Source : Insee – DGFIP – revenus fiscaux

Toutefois, parmi ces activités, deux métiers apparaissent plus directement liés à la démographie locale, dont l’évolution et les besoins peuvent être projetés et davantage anticipés. Il s’agit des métiers d’assistante maternelle et d’aide à domicile, lesquels de surcroît figurent dans les parcours professionnels potentiels pour certains métiers de l’agroalimentaire.

Ainsi, le nombre d’assistantes maternelles est très lié à la population des jeunes enfants même s’il dépend également d’autres facteurs (présence de crèches, activité des parents). Dans les années à venir, si les tendances démographiques actuelles se poursuivent, le nombre de jeunes enfants serait en faible croissance pour l’ensemble de la région, avec des disparités géographiques fortes. Ce sont en effet principalement les pays limitrophes de Rennes et ceux de Vannes et Brest qui connaîtraient la croissance la plus forte. Les pays du Trégor-Goëlo, du Centre-Ouest-Bretagne et dans une moindre mesure celui de Lorient, verraient au contraire la population de jeunes enfants se réduire. Dans tous les territoires, les variations seraient toutefois de trop faible amplitude pour avoir, par le seul effet démographique, un impact notable sur l’emploi.

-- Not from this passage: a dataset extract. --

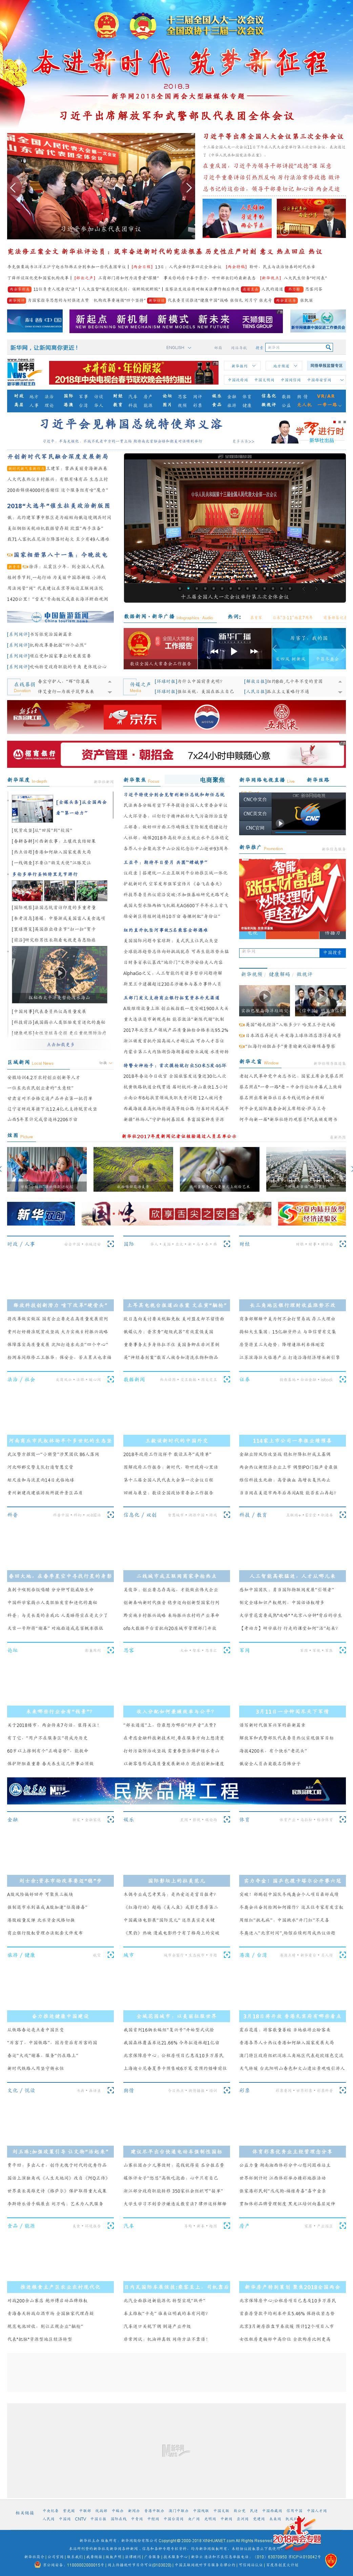 Xinhua at Monday March 12, 2018, 2:26 p.m. UTC

En ce qui concerne les aides à domicile, très liées au nombre de personnes âgées, il convient de distinguer le court et le moyen terme. En effet, si la population de 70 à 74 ans devait augmenter fortement d’ici 2020, ce n’est pas le cas de celle des 75-85 ans (générations creuses nées pendant les années 1930), actuellement les plus consommatrices de services à domicile. Au contraire, la population de 75 à 85 ans devrait diminuer dans tous les pays bretons d’ici 2020. Des besoins pourraient cependant émerger compte tenu de la pyramide des âges de cette profession où 40 % des salariés de 2009 pourraient cesser leur activité d’ici 2020 (contre 30,8 % en moyenne tous métiers confondus). A moyen terme, à partir de 2020, l’arrivée des baby-boomers à un âge plus avancé devrait favoriser la création d’emplois. En effet, le nombre de personnes de 75 à 80 ans pourrait augmenter de 50 000 dans la région.